ЖЗЛ. Николай Бердяев

23 марта 2023 года исполняется 75 лет со дня смерти Николая Александровича Бердяева, одного из самых ярких мыслителей XX века, русского религиозного философа, пришедшего в своих исканиях к христианскому экзистенциализму.

Пароход. Дельта. Прощание с родиной

29 сентября 1922 года от набережной Лейтенанта Шмидта в Ленинграде отошёл знаменитый «философский теплоход» с теми, кто стал не нужен родной стране. Бердяев, стоя на палубе, отнюдь не впал в холодный ступор, провожая взглядом архитектурные шедевры набережных, разбегающиеся по обеим сторонам по ходу движения их перегруженного транспорта. Ученый с интересом ждал, когда же пароход достигнет той точки обзора в устье Невы, которую философ так любил наблюдать в свои редкие морские вылазки на прогулочных катерах: он в центре большой воды, прямо как на картине «Над вечным покоем» Левитана… Квинтэссенция замысла «умышленного города», которым вынужден был укрепить дельту Невы молодой деятельный царь Пётр Алексеевич.

Впрочем, к столице философ ещё не успел прирасти душой так, скажем, как к Москве и её университету, с которым его связали два года преподавания. Разве что в «башню» Вяч. Иванова у кромки Таврического сада спешил, как студент на лекцию любимого профессора. Там собиралась вся интеллектуальная элита Петербурга, не раз проверявшая в язвительной полемике его бойцовские качества. «В.И. Иванов не только поэт, – вспоминал позже эти собрания Николай Бердяев, – но и учёный, мыслитель, мистически настроенный, человек очень широких и разнообразных интересов… Всегда было желание у В. Иванова превратить общение людей в Платоновский симпозиум…»
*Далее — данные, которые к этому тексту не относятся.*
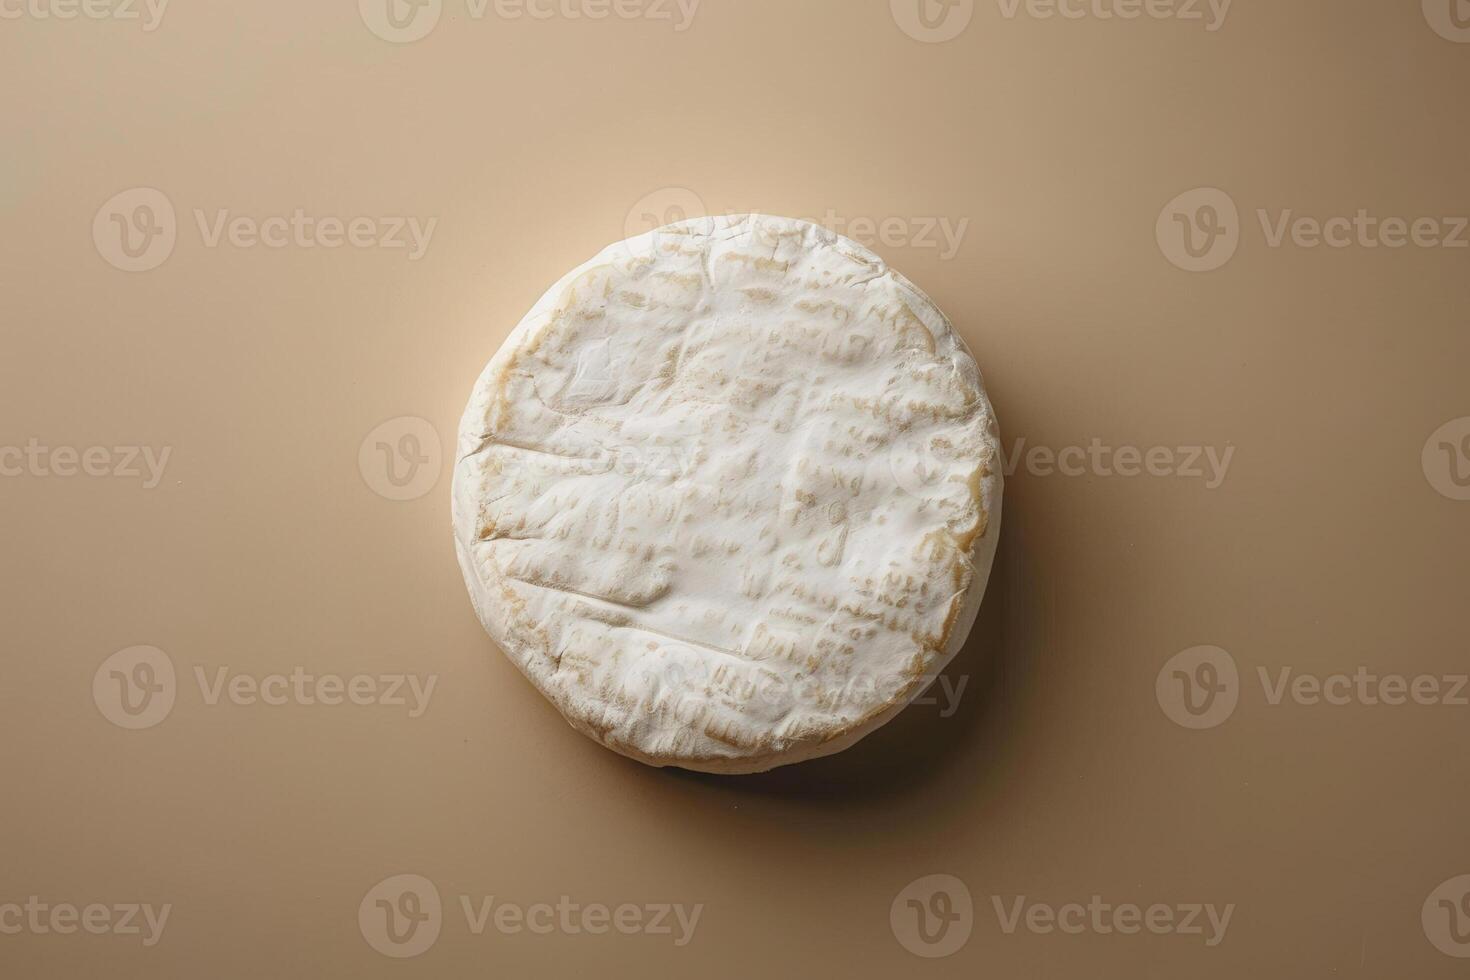 todo rueda de queso Brie queso metido centralmente en un sutil beige a crema degradado fondo, elegante y minimalista foto

Посещал Бердяев ещё один дом в Петербурге, пышно названный Философским салоном писателя Д. Мережковского, одного из лидеров российского декаданса, написавшего несколько исторических романов, пропитанных религиозно-мистическим духом. Бердяев попал сюда в том промежуточном состоянии сознания, когда после тюрьмы и последующей ссылки за его марксистские убеждения в нем наметился крен в сторону восприятия христианства. Решающим фактором этого свершавшегося обращения было, по признанию Бердяева, стремление вырваться из партийных догм, порыв к естественной и единственно возможной для него духовной свободе. В этом молодого Бердяева поддержали Зинаида Гиппиус и Дмитрий Мережковский, которые стремились сделать салон открытой трибуной для истинного «богоискательства». Но скоро Николаю и тут становится «душно», его больше не привлекают религиозные догматы. Он пишет об этом в исследовании «Духовный кризис интеллигенции» из фонда Президентской библиотеки: «В декадентском мироощущении нет интуиции, нет вхождения вселенской реальности, это мироощущение замкнуто в своей человеческой субъективности. Мистика всегда благодатна, всегда заключает в себе интуитивное знание, в ней Божество имманентно человеческой душе».

Направляемый и терзаемый только собственными «проклятыми вопросами», он становится на путь поиска «нового революционного сознания», религиозно-философского движения той части интеллигенции, которая, оказавшись вне церкви, пыталась проложить свои пути к Богу. Бердяев становится одним из организаторов и постоянных авторов философских журналов «Новый путь» и «Вопросы жизни», участвует в выпусках сборника «Вехи».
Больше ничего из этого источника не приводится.